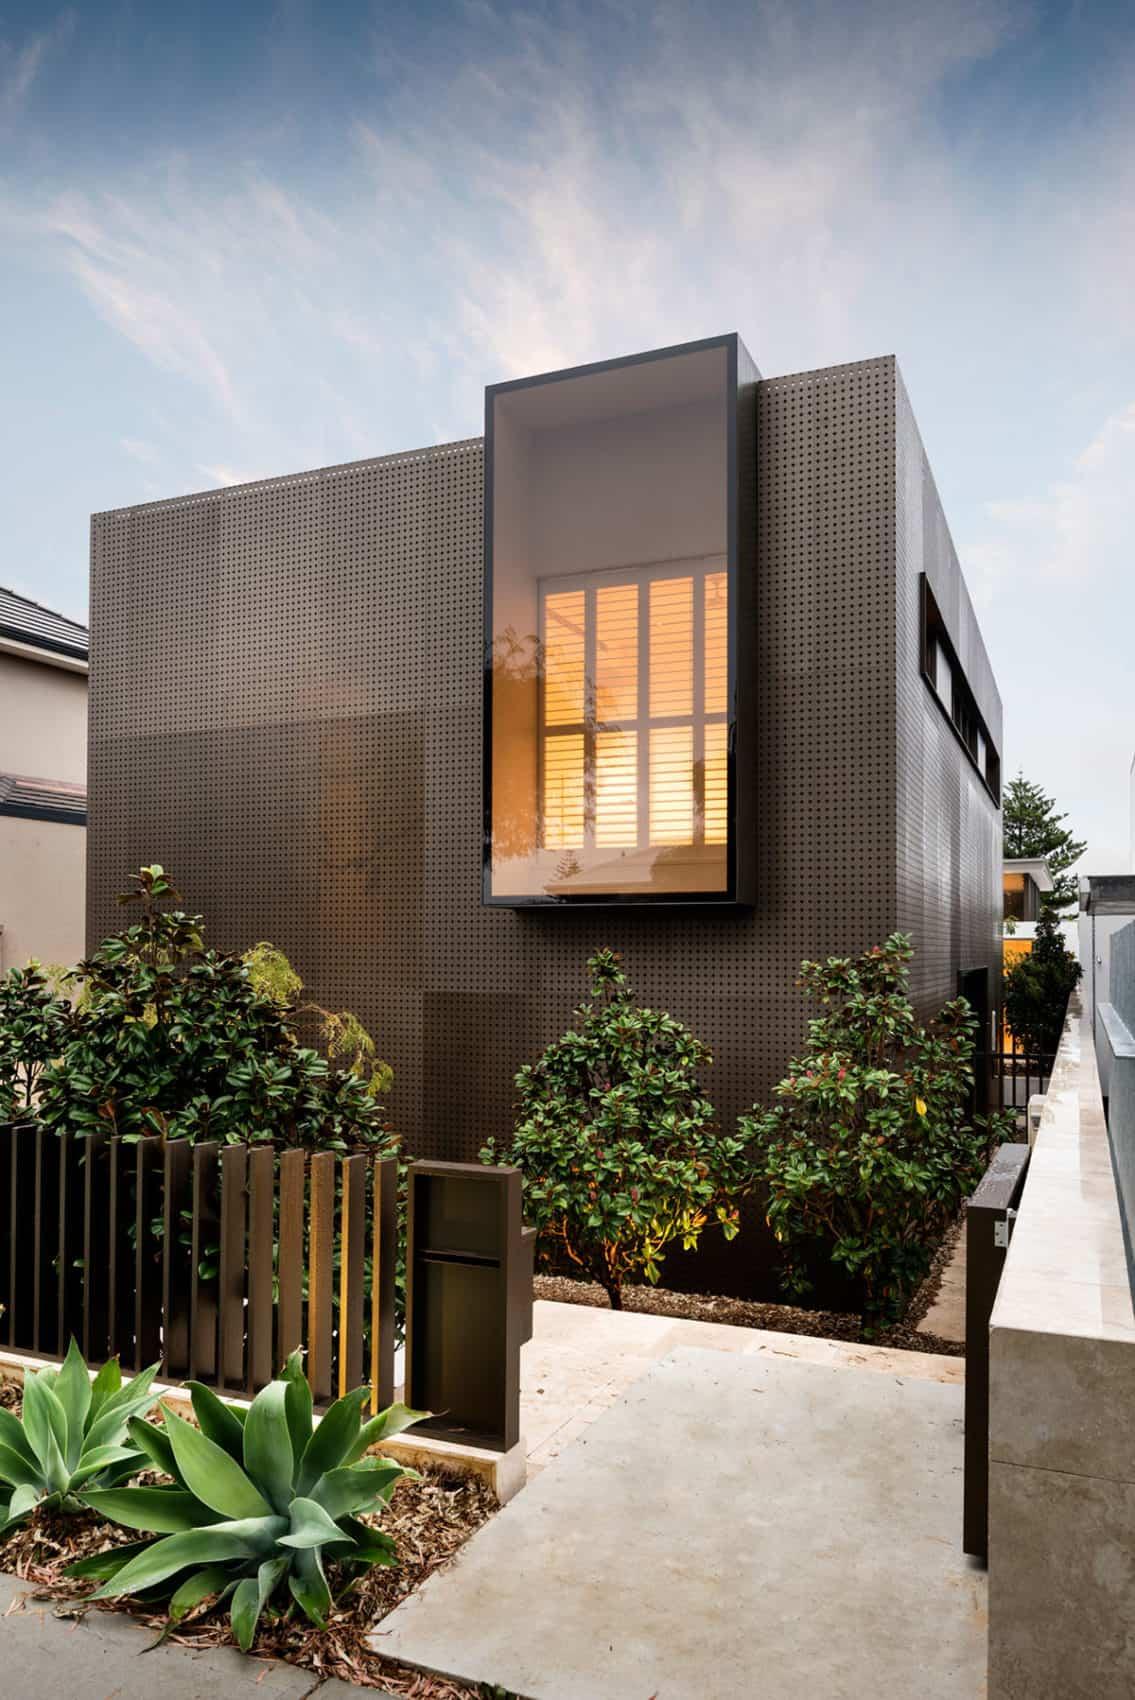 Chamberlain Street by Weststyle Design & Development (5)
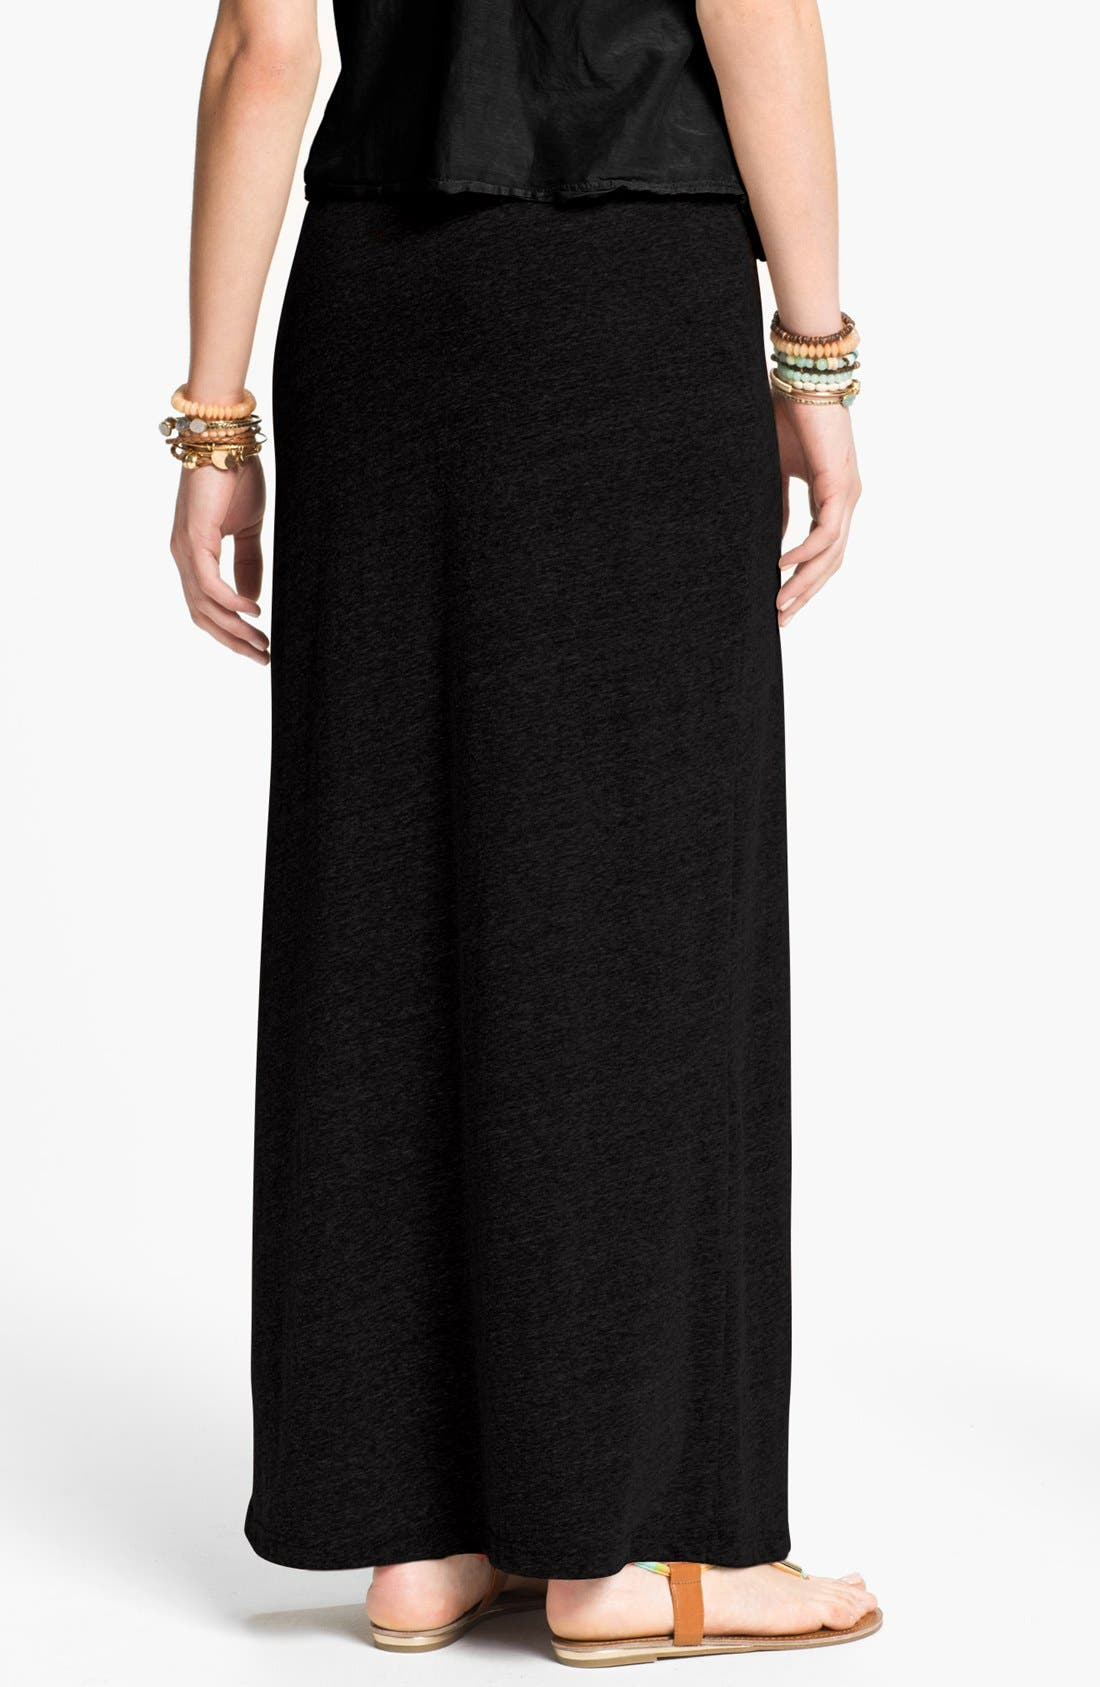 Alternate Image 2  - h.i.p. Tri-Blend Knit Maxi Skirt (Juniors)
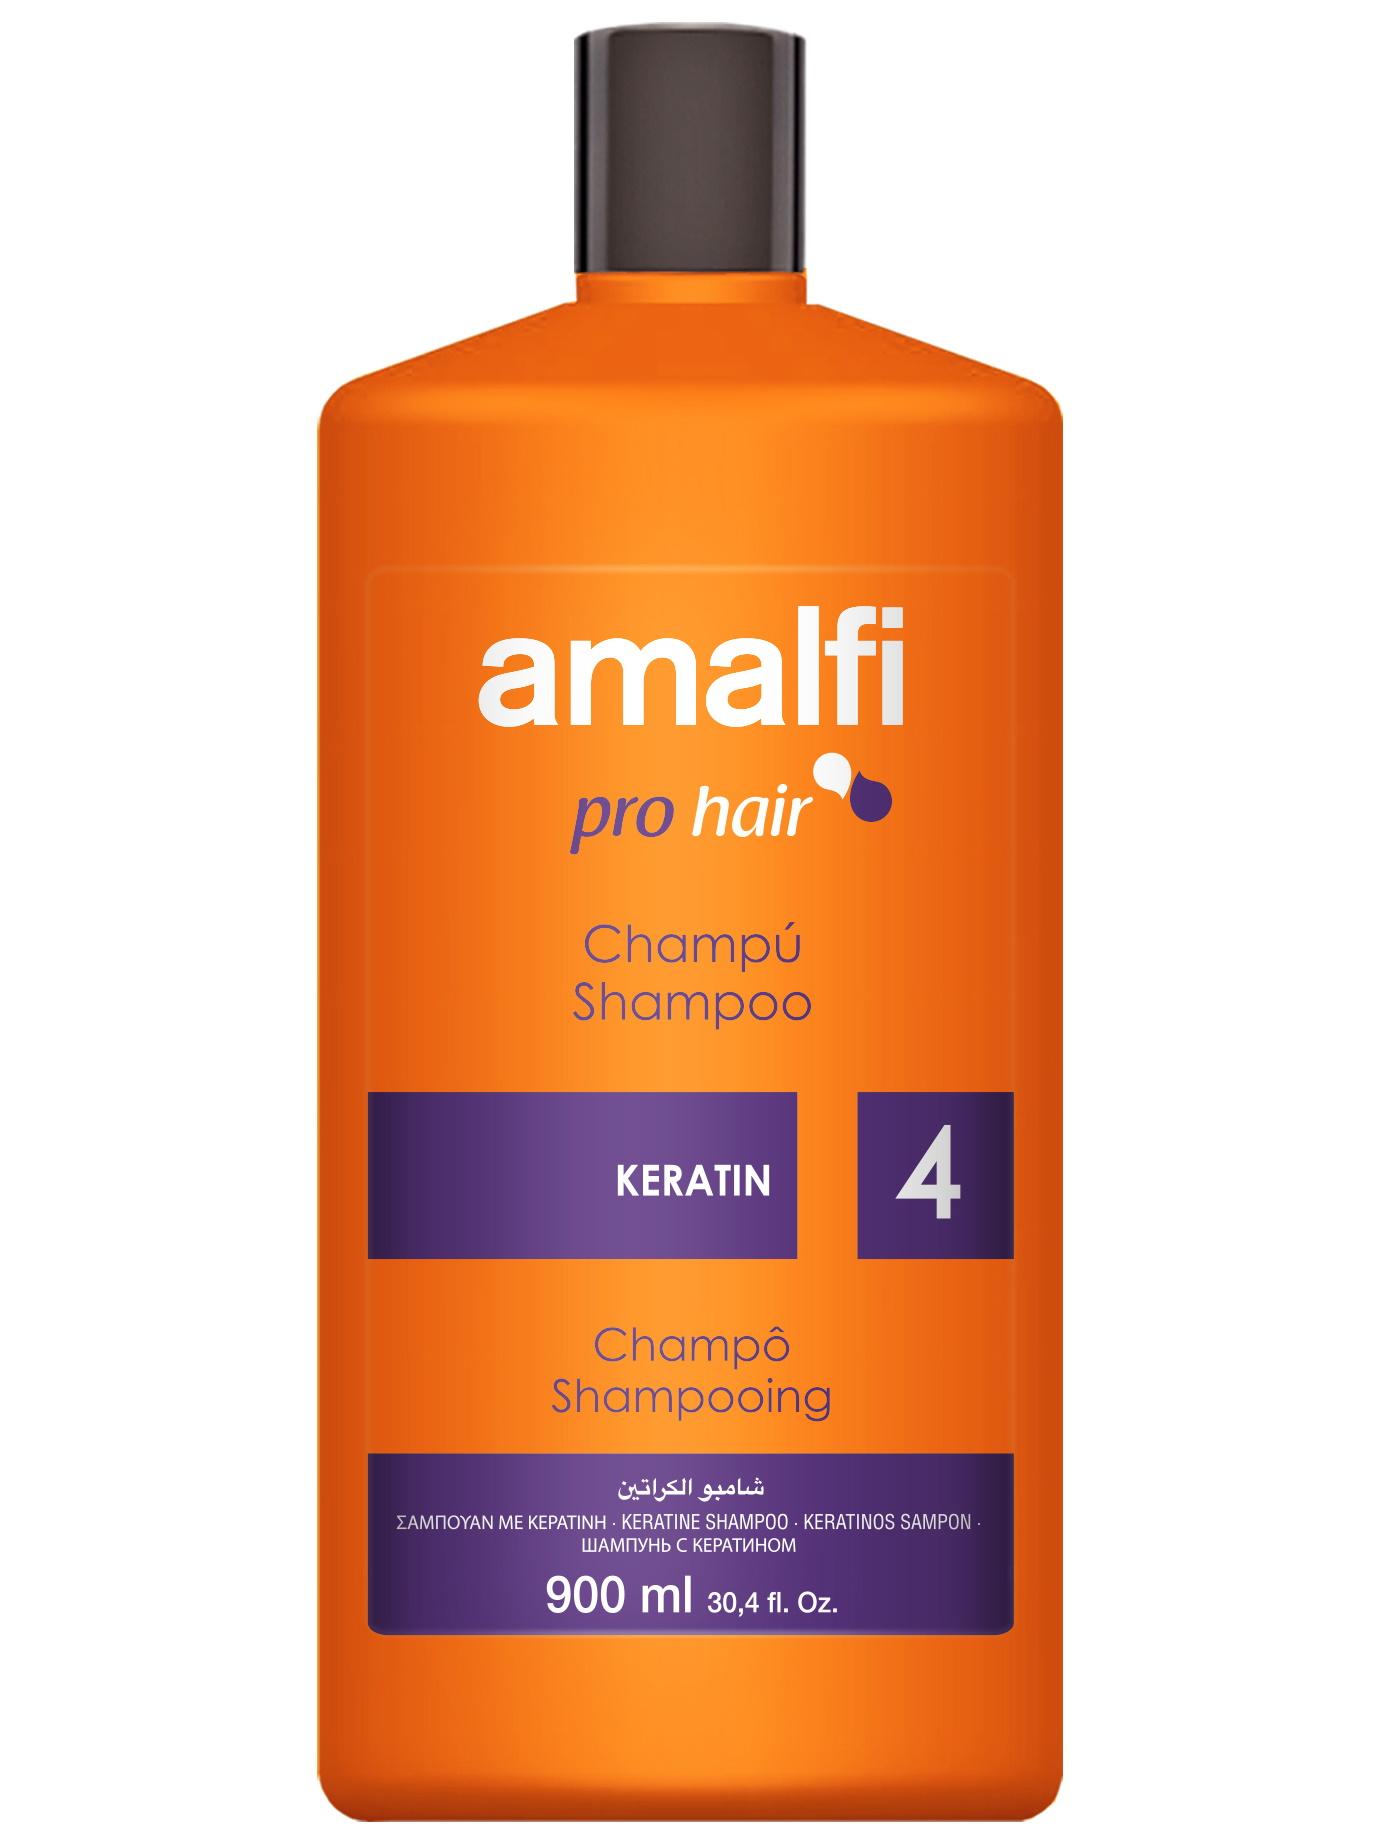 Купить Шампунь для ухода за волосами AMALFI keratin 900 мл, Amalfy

--------------------------------

Before copying the material, set its pictures aside; then transcribe it word for word.

- **Written response**:
 Chamberlain Street by Weststyle Design & Development (5)
 Alternate Image 2  - h.i.p. Tri-Blend Knit Maxi Skirt (Juniors)
 Купить Шампунь для ухода за волосами AMALFI keratin 900 мл, Amalfy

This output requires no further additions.